Quanto à minha decisão? Direi, digo, que conquistei o direito de morrer a meu modo, sem derramamento de sangue, em Barcelona, a cidade que amo dentre tantas que conheci, no momento que escolhi, podendo tê-la antecipado ou postergado, em solidão para que ninguém possa ser acusado de haver participado em uma ação que, apesar das recentes modificações legais, impede a ação direta e impõe trâmites burocráticos que estorvam a vontade do suicida. Em 2019, no México, comprei legalmente de um veterinário o fenobarbital que hoje tomo. (Os animais podem ser mortos (killed) pelos humanos sem que isso seja um delito; os médicos não podem receitar barbitúricos nem os farmacêuticos podem vendê-lo). O pequeno frasco está nas minhas mãos há já bastante tempo, na medida em que sabia muito bem que não me precipitaria a utilizá-lo. Quando? Não quando eu sentisse vontade, mas quando a prova de realidade me impusesse certas linhas vermelhas que não me permito ultrapassar: o não reconhecimento de lugares, pessoas e espaços, a perda da faculdade de gozar da arte, do conhecimento do mundo em que vivo (política, social e economicamente), autonomia para me abastecer do que necessito, já que moro sozinho; me recuso a depender de alguém para que se ocupe de mim, o horror dos horrores!, ser levado para uma casa de repouso para idosos onde aguardaria passivamente o fim em meio a horários e companhias impostas, dores ou ossos fraturados. Nos últimos meses sofri quedas das quais me recuperei, mas que levaram ao diagnóstico neurológico de Parkinsonismo vascular; minha motricidade, especialmente das mãos, está muito limitada (não consigo, sem recorrer a abridores, abrir uma garrafa de água); até agora consegui caminhar livremente, mas não posso me imaginar viajando nem mesmo de trem a Madri, onde me sentiria tão feliz. Forneci as autorizações necessárias para a disposição do meu cadáver e a dispersão das minhas cinzas, agradecendo aos bons amigos que as executarão sem rituais fúnebres.

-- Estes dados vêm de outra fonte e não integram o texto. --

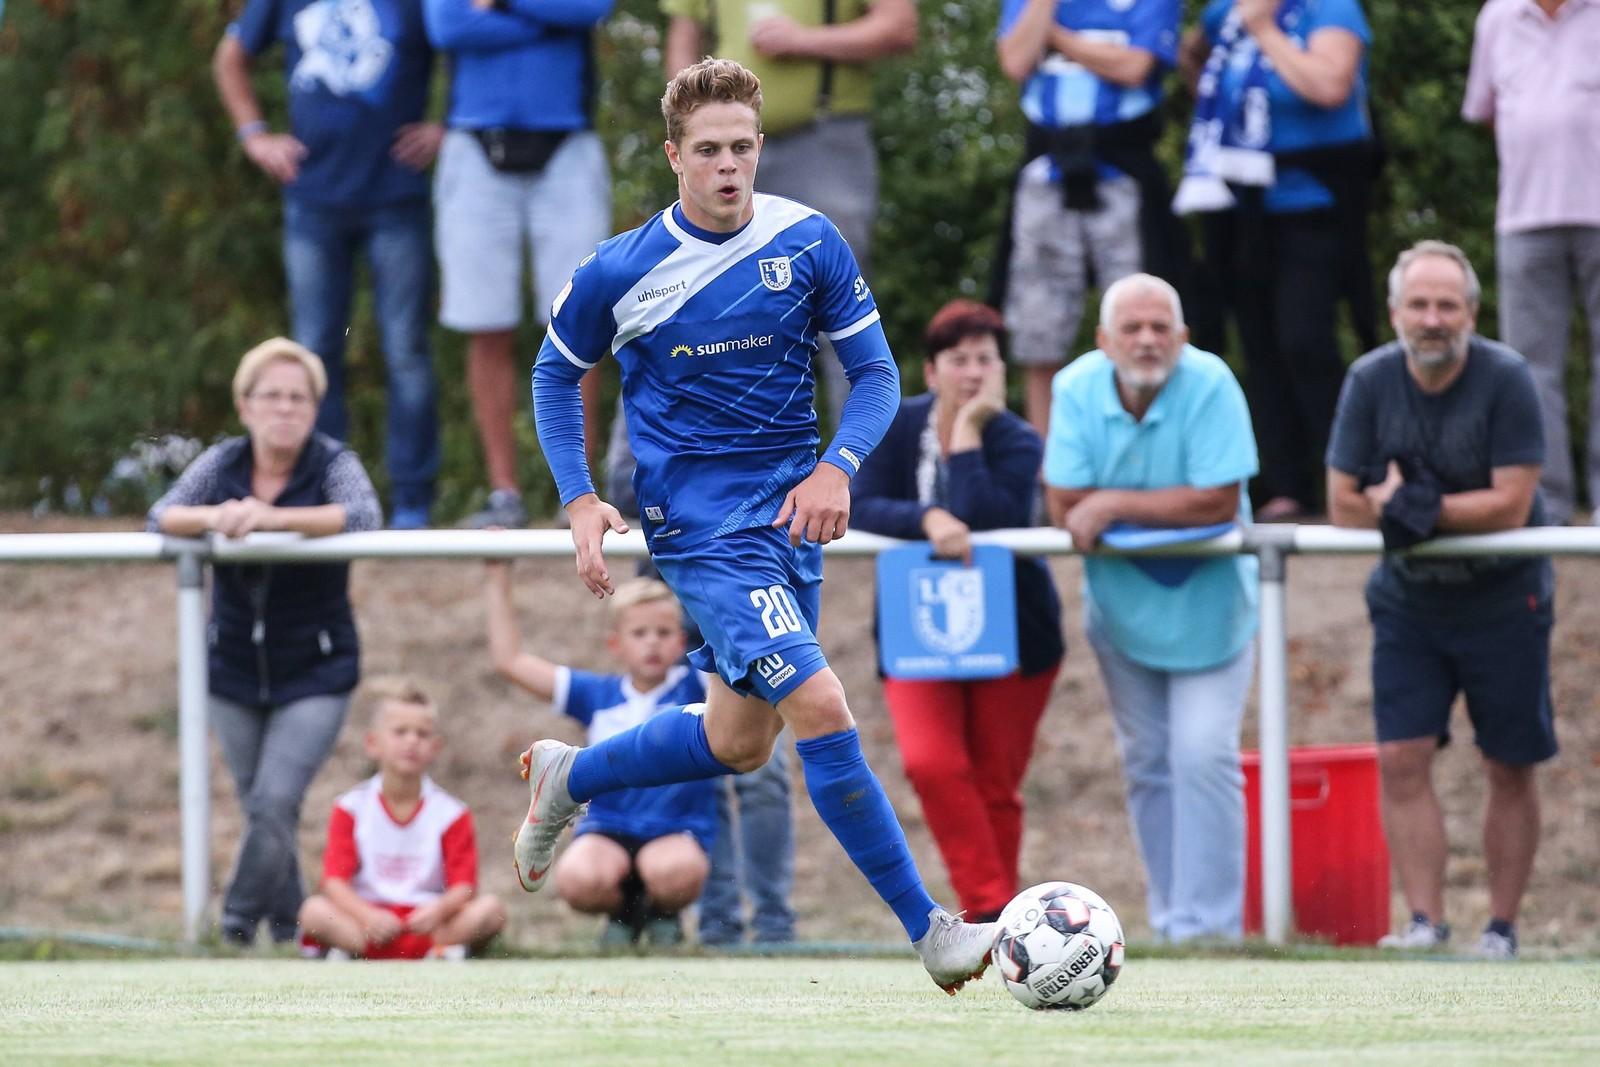 Joel Abu Hanna im Trikot des 1. FC Magdeburg

O que tive até o dia de hoje? O gozo da vida, com aceitação dos mal-estares da velhice: pude ler e me entusiasmar com as novas ideias e com o humor swiftiano do que minha filha escreve, sofrer o pesadelo da história da qual não podemos despertar, assistir a manifestações artísticas, desfrutar de amizades, sabores, sons, paisagens, visões, filmes e, apesar de tudo, seguir escrevendo, não com a eloquência dos meus melhores anos, lutando com as palavras, cometendo uma infinidade de erros de digitação que obrigam a correções intermináveis do que agora consigo entender, desde dentro, como o estilo tardio (Edward Said), esse estilo tardio dos escritores velhos. Ainda me espera uma última revisão desta carta de despedida antes de colocar nela uma data esperando que a data não se adiante à assinatura e ao 'enviar' no email do computador.

Não há nada a acrescentar: como escrevi em 1990 (Gozo), o suicídio é a forma mais retumbante da a-dicção. Daí a forçagem para passar à escrita, aqui formalizada com minha assinatura"

Barcelona, 7 de setembro de 2022

Néstor A. Braunstein


[1] Morte? Sou fortemente contra.

[2] https://www.journal-psychoanalysis.eu/articles/braunstein-article/

[3] "O próprio caminho rumo à morte"

[4] "Se desejas a paz, prepara-te para a guerra".

[5] "Se desejas a vida, prepara-te para a morte".

[6] "Se você quer suportar a vida, prepare-se para a morte".